The calm WILL of this strange and terrible boy had its effect upon Edward. He suffered his brother to lead him from the chamber, grinding his teeth in impotent rage. He mounted his horse, while Rivers held the stirrup, and with some six or seven knights and earls rode to the bridge, already occupied by Hastings and a small but determined guard.

"Come, Hastings," said the king, with a ghastly smile,—"they tell us we must fly!"

"True, sire, haste, haste! I stay but to deceive the enemy by feigning to defend the pass, and to counsel, as I best may, the faithful soldiers we leave behind."

"Brave Hastings!" said Gloucester, pressing his hand, "you do well, and I envy you the glory of this post. Come, sire."

"Ay, ay," said the king, with a sudden and fierce cry, "we go,—but at least slaughtering as we go. See! yon rascal troop! ride we through their midst! Havock and revenge!"

He set spurs to his steed, galloped over the bridge, and before his companions could join him, dashed alone into the very centre of the advanced guard sent to invest the fortress, and while they were yet shouting, "Where is the tyrant, where is Edward?"

"Here!" answered a voice of thunder,—"here, rebels and faytors, in your ranks!"

This sudden and appalling reply, even more than the sweep of the gigantic sword, before which were riven sallet and mail as the woodman's axe rives the fagot, created amongst the enemy that singular panic, which in those ages often scattered numbers before the arm and the name of one. They recoiled in confusion and dismay. Many actually threw down their arms and fled. Through a path broad and clear amidst the forest of pikes, Gloucester and the captains followed the flashing track of the king, over the corpses, headless or limbless, that he felled as he rode.

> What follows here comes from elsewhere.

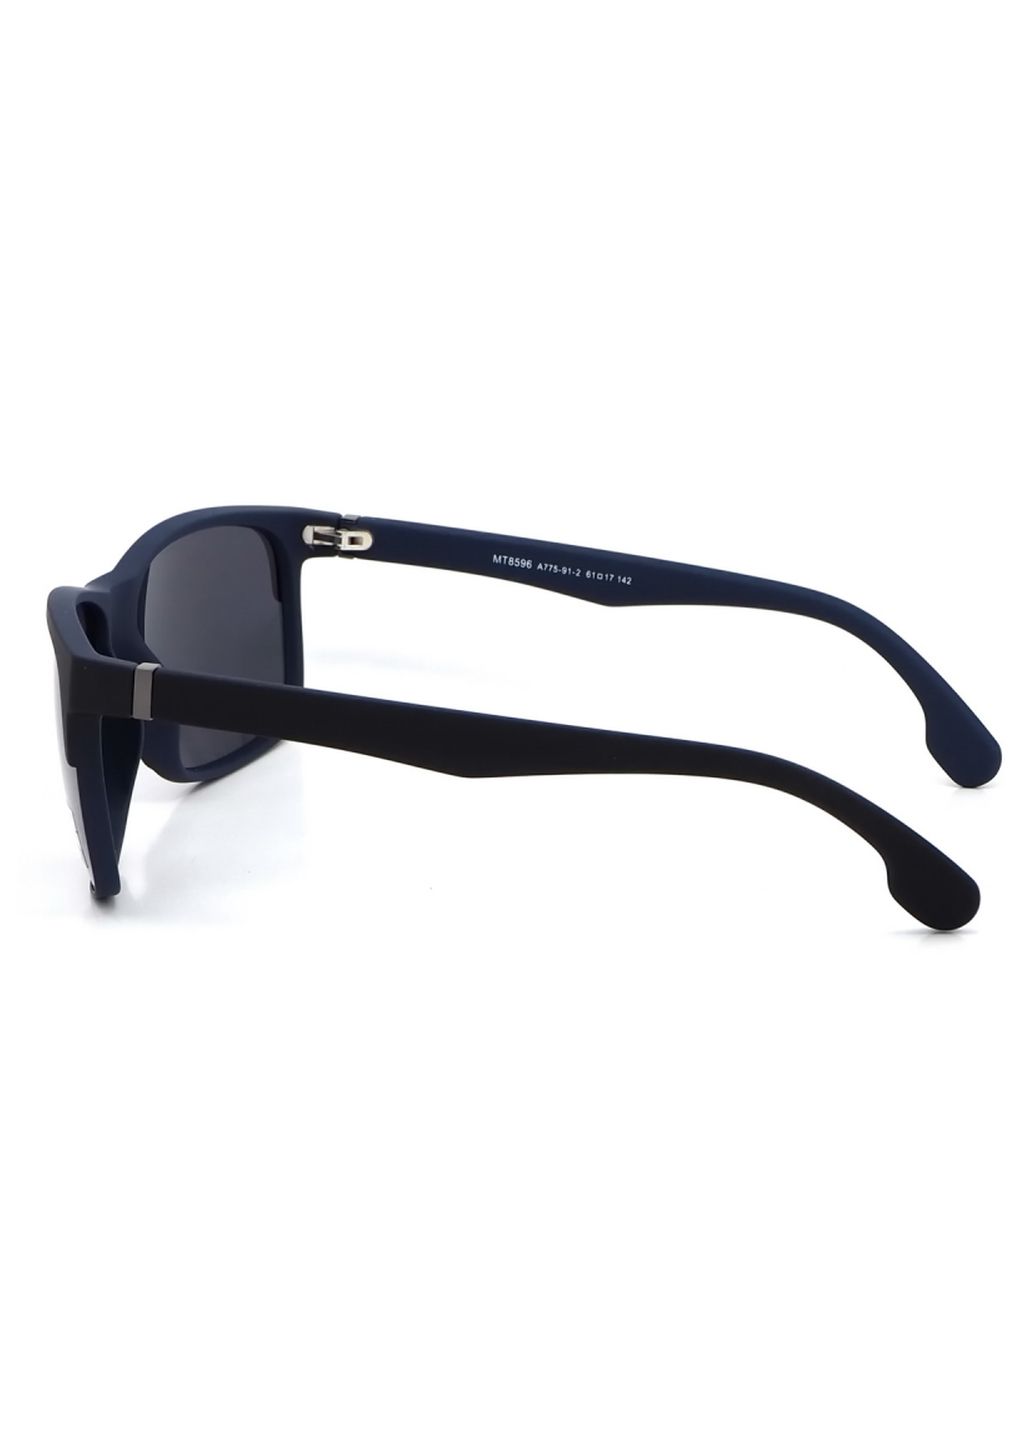 Купить Черные мужские солнцезащитные очки Matrix с поляризацией MT8596 111022 в интернет-магазине

Meanwhile, with a truer chivalry, Hastings, taking advantage of the sortie which confused and delayed the enemy, summoned such of the loyal as were left in the fortress, advised them, as the only chance of life, to affect submission to Warwick; but when the time came, to remember their old allegiance, [Sharon Turner, vol. iii. 280.] and promising that he would not desert them, save with life, till their safety was pledged by the foe, reclosed his visor, and rode back to the front of the bridge.